有時候 Kernel 的文件更新很慢,直接看 Source Code 有時候可以看到很詳細的 Comment 解釋,所以建議看 Document 的同時,也要順便去看 Source Code 上面有沒有更詳細的解說,有時候很納悶為什麼 Maintainer 不一起把 Document 更新一下

kernel/sched/psi.c

static bool test_state(unsigned int *tasks, enum psi_states state) { switch (state) { case PSI_IO_SOME: return unlikely(tasks[NR_IOWAIT]); case PSI_IO_FULL: return unlikely(tasks[NR_IOWAIT] && !tasks[NR_RUNNING]); case PSI_MEM_SOME: return unlikely(tasks[NR_MEMSTALL]); case PSI_MEM_FULL: return unlikely(tasks[NR_MEMSTALL] && tasks[NR_RUNNING] == tasks[NR_MEMSTALL_RUNNING]); case PSI_CPU_SOME: return unlikely(tasks[NR_RUNNING] > tasks[NR_ONCPU]); case PSI_CPU_FULL: return unlikely(tasks[NR_RUNNING] && !tasks[NR_ONCPU]); case PSI_NONIDLE: return tasks[NR_IOWAIT] || tasks[NR_MEMSTALL] || tasks[NR_RUNNING]; default: return false; } }

User Space Interface

接下來就可以來看 PSI 提供給 User Space 的接口該如何使用,這在 PSI Document 已經有給很詳細的描述,User 可以透過 poll() 主動去 Monitor PSI,每當觸發條件就會發 Event 到 User Space,此外條件是可以由 User 自行定義的,可以自訂 SOME or FULL 以及在多少的 window time 裡面占多少 stall time 就觸發 Event

To register a trigger user has to open psi interface file under /proc/pressure/ representing the resource to be monitored and write the desired threshold and time window. The open file descriptor should be used to wait for trigger events using select(), poll() or epoll().

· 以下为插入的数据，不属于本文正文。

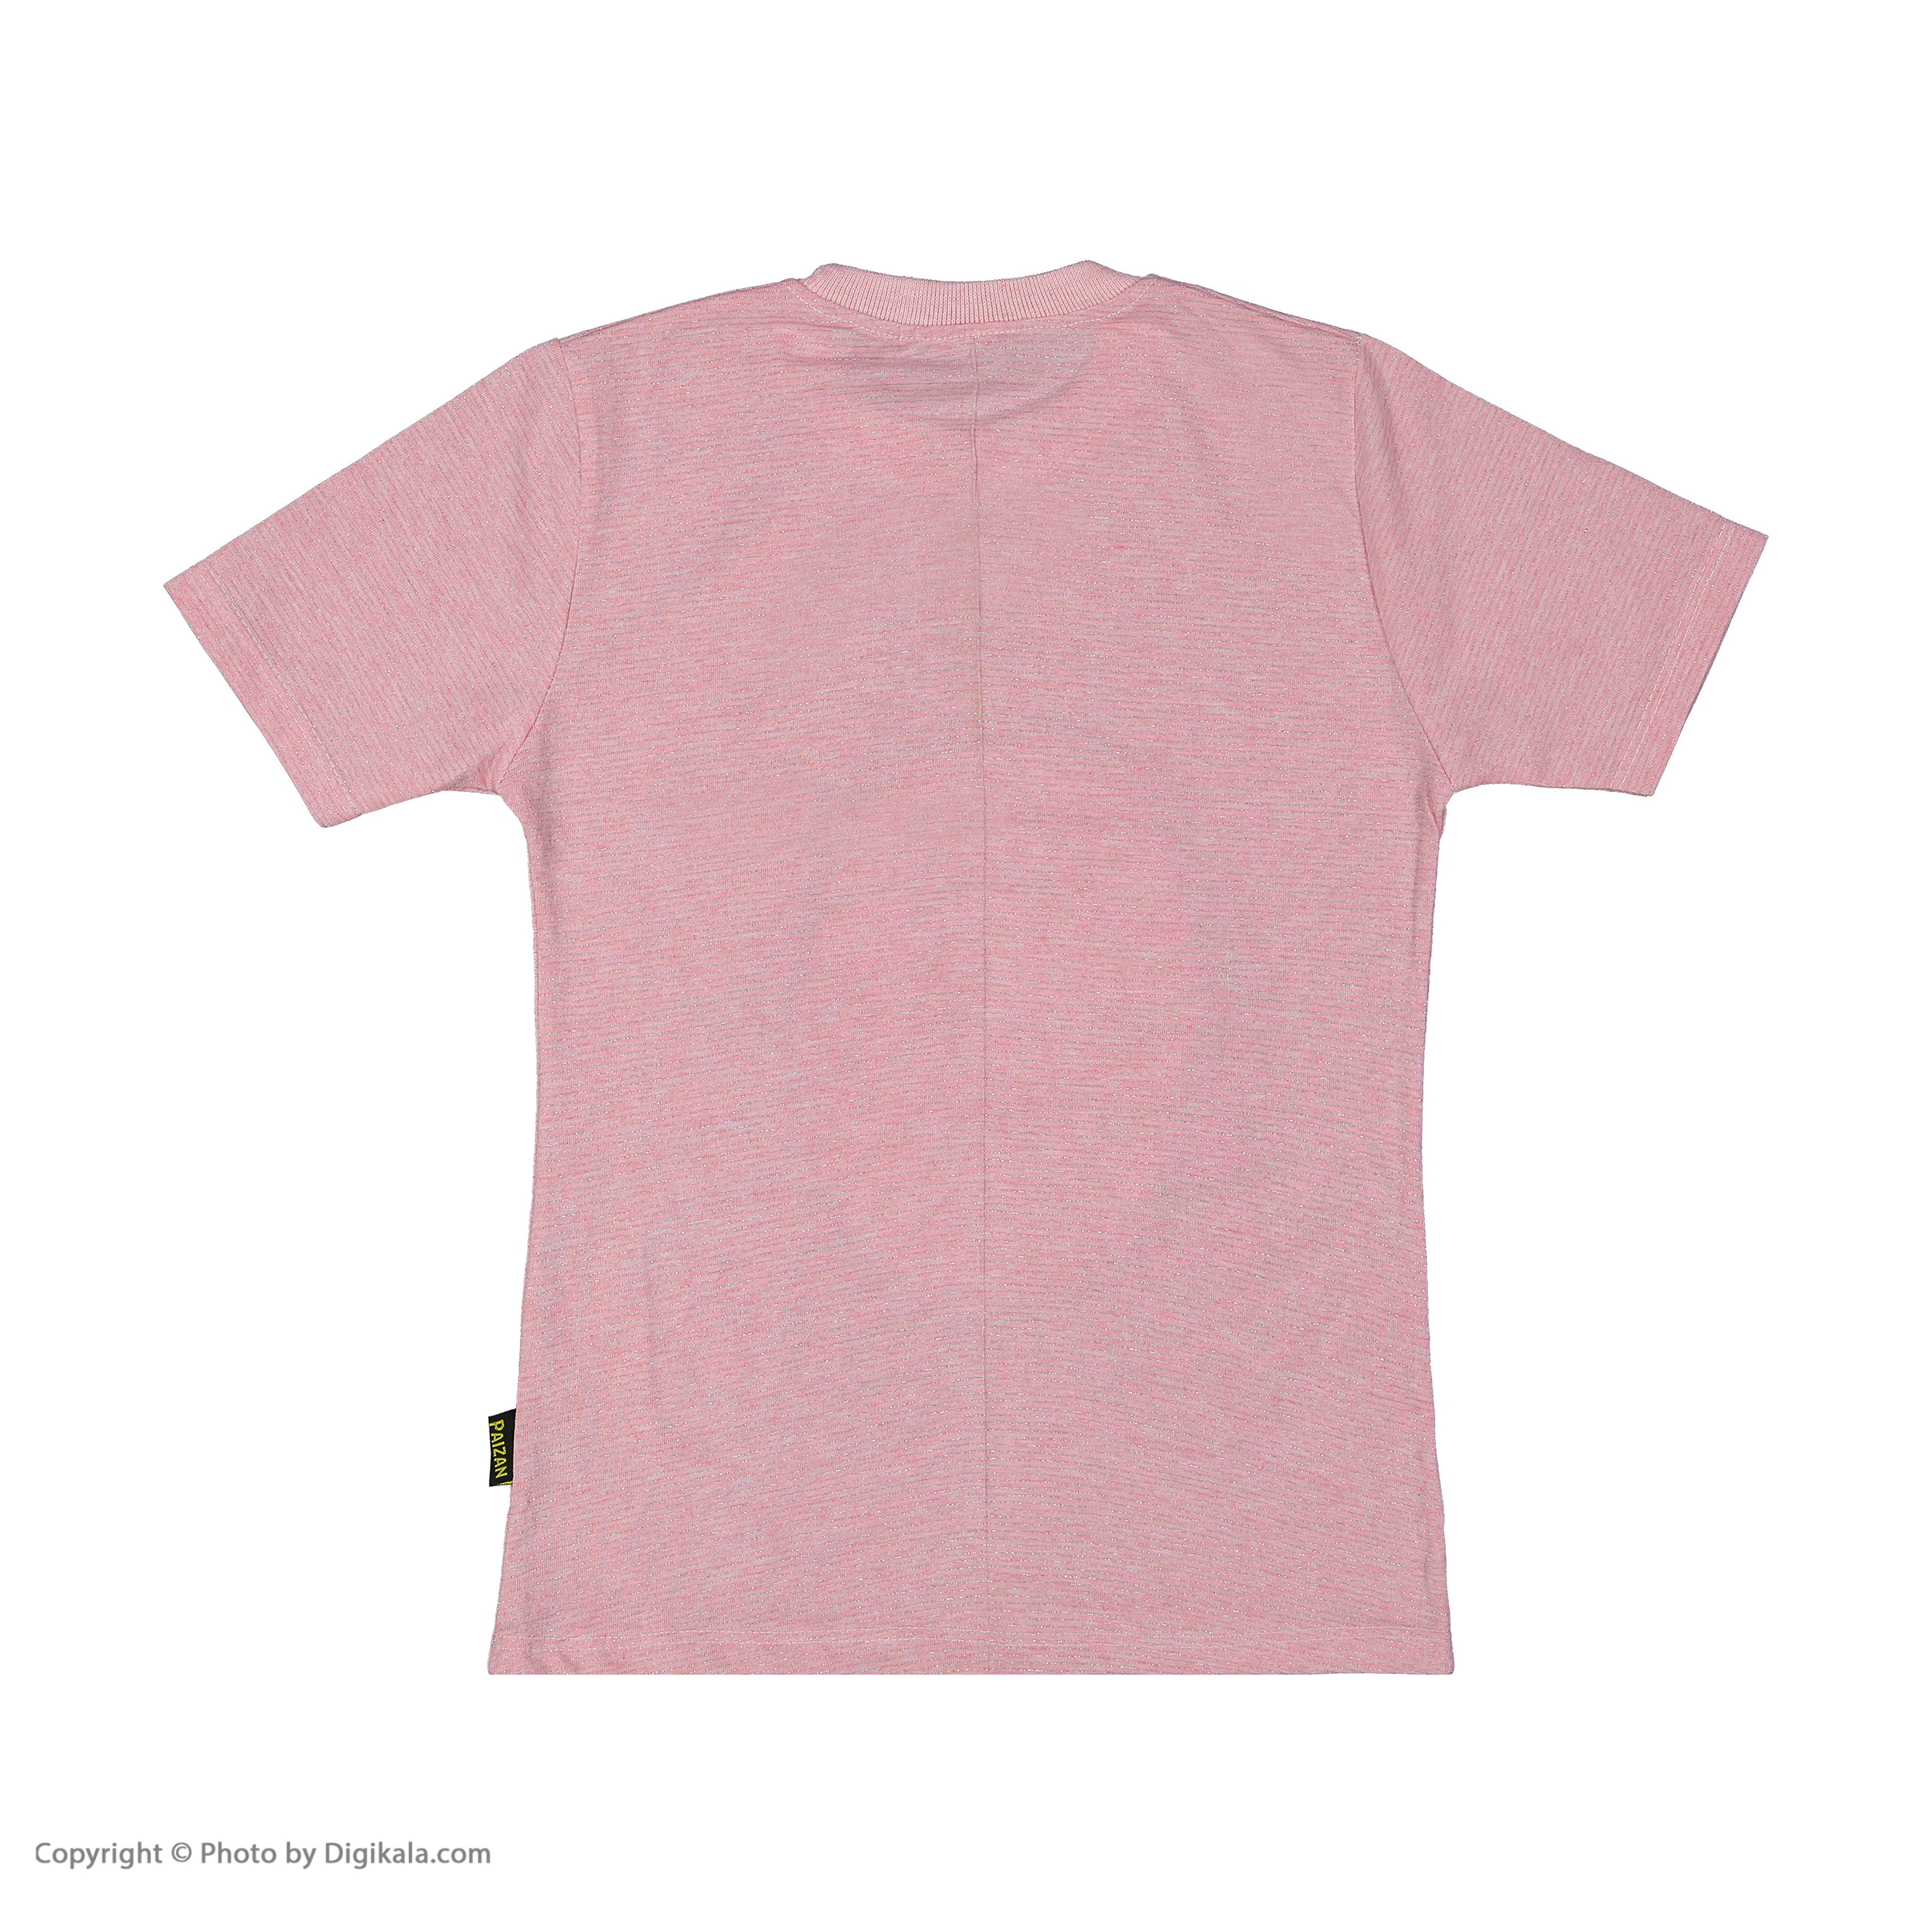 ست تی شرت و شلوارک دخترانه بانالی مدل فلوریدا کد 3543 -  - 9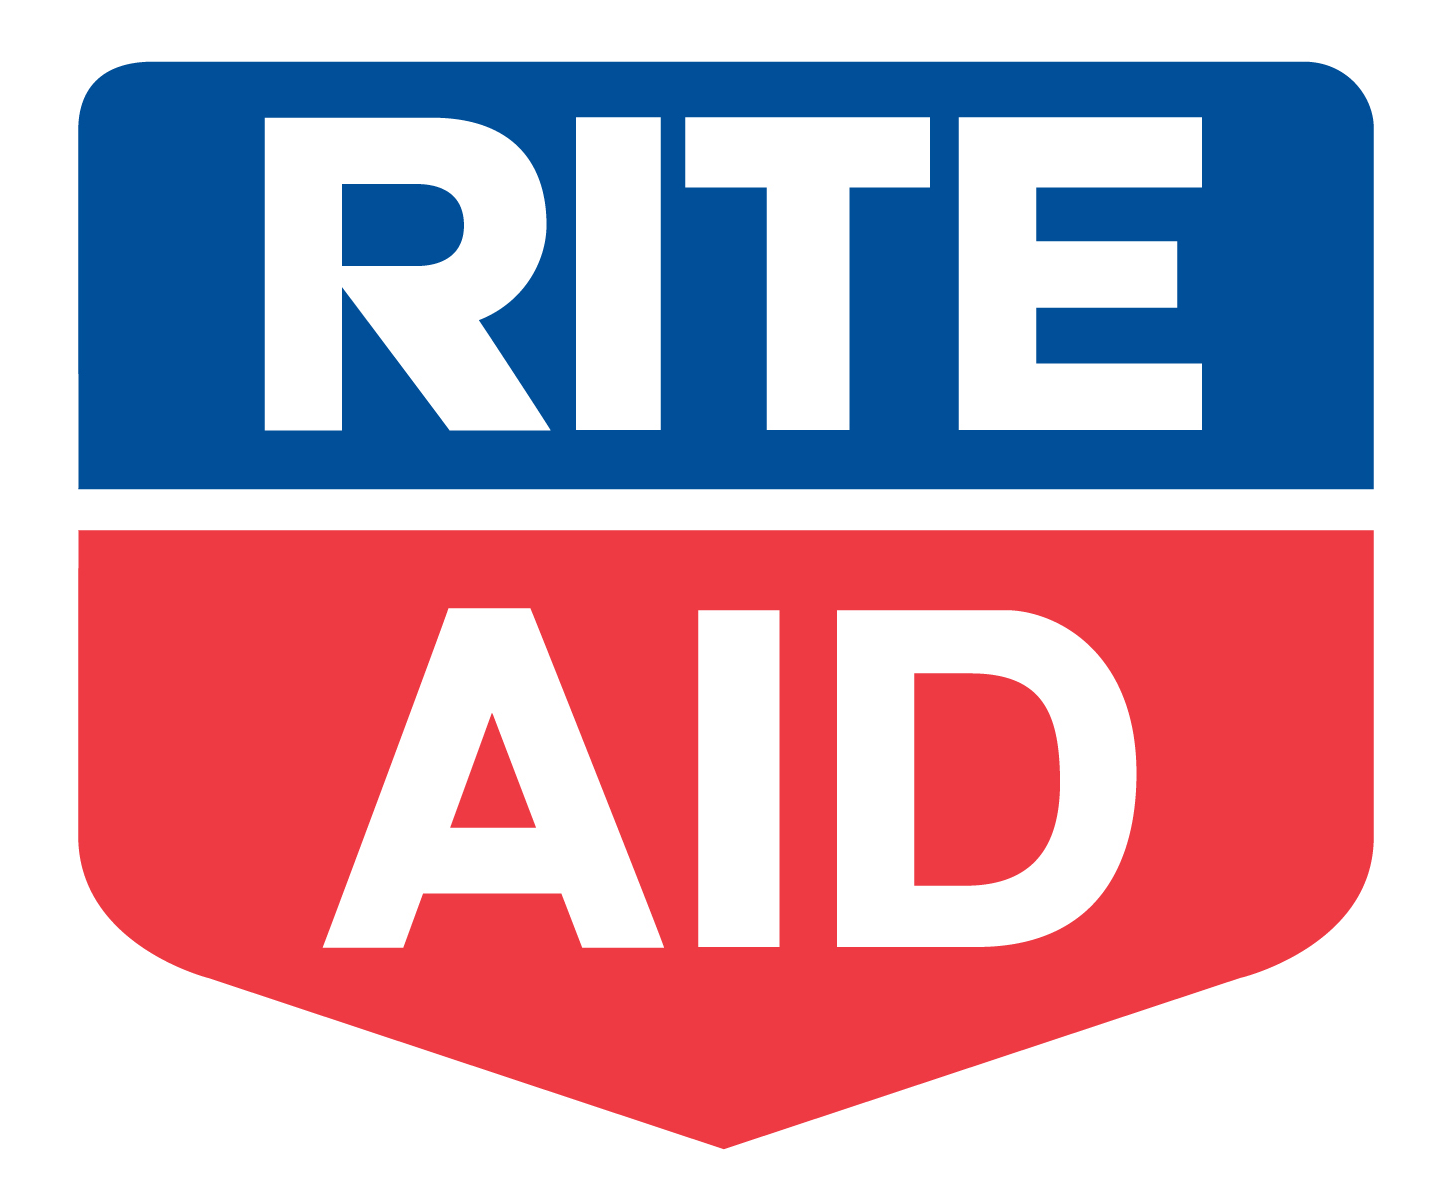 Red Rite Logo - Rite Aid Logo PNG Image - PurePNG | Free transparent CC0 PNG Image ...

<some|full> <stall amount in us> <time window in us>

回頭看 Android 14 當中是如何去 Register PSI Interface,可以看到在 init_psi_monitor 裡面的第 22 行會去定義 stall_type_name, threshold_us, and window_us,這些都是可以透過控制 lmkd 的參數去決定,在後面的內容會提到。另外可以在 register_psi_monitor 裡面看到 lmkd 確實是透過 epoll() 去 Moniter 所設定的條件是否被觸發,假如觸發就去執行對應的 Event Handler

system/memory/lmkd/libpsi/psi.cpp

int init_psi_monitor(enum psi_stall_type stall_type, int threshold_us, int window_us, enum psi_resource resource) { if (resource < PSI_MEMORY || resource >= PSI_RESOURCE_COUNT) { ALOGE("Invalid psi resource type: %d", resource); errno = EINVAL; return -1; } int fd; int res; char buf[256]; fd = TEMP_FAILURE_RETRY(open(psi_resource_file[resource], O_WRONLY | O_CLOEXEC)); if (fd < 0) { ALOGE("No kernel psi monitor support (errno=%d)", errno); return -1; } switch (stall_type) { case (PSI_SOME): case (PSI_FULL): res = snprintf(buf, sizeof(buf), "%s %d %d", stall_type_name[stall_type], threshold_us, window_us); break; default: ALOGE("Invalid psi stall type: %d", stall_type); errno = EINVAL; goto err; } if (res >= (ssize_t)sizeof(buf)) { ALOGE("%s line overflow for psi stall type '%s'", psi_resource_file[resource], stall_type_name[stall_type]); errno = EINVAL; goto err; } res = TEMP_FAILURE_RETRY(write(fd, buf, strlen(buf) + 1)); if (res < 0) { ALOGE("%s write failed for psi stall type '%s'; errno=%d", psi_resource_file[resource], stall_type_name[stall_type], errno); goto err; } return fd; err: close(fd); return -1; } int register_psi_monitor(int epollfd, int fd, void* data) { int res; struct epoll_event epev; epev.events = EPOLLPRI; epev.data.ptr = data; res = epoll_ctl(epollfd, EPOLL_CTL_ADD, fd, &epev); if (res < 0) { ALOGE("epoll_ctl for psi monitor failed; errno=%d", errno); } return res; }

System Memory Information

lmkd 會從 Kernel 所提供的 System Memory Information 去獲取目前系統的 Memory 狀況,來去計算目前的 Memory 水位、threashing 是否嚴重、Zram Swap 用量是否快抵達上限、各個 Task 的 oom_score_adj 分別是多少,了解這些資訊後,再去看 lmkd 的 Code Flow 才會理解其計算的意義

/proc/meminfo

This file reports statistics about memory usage on the system.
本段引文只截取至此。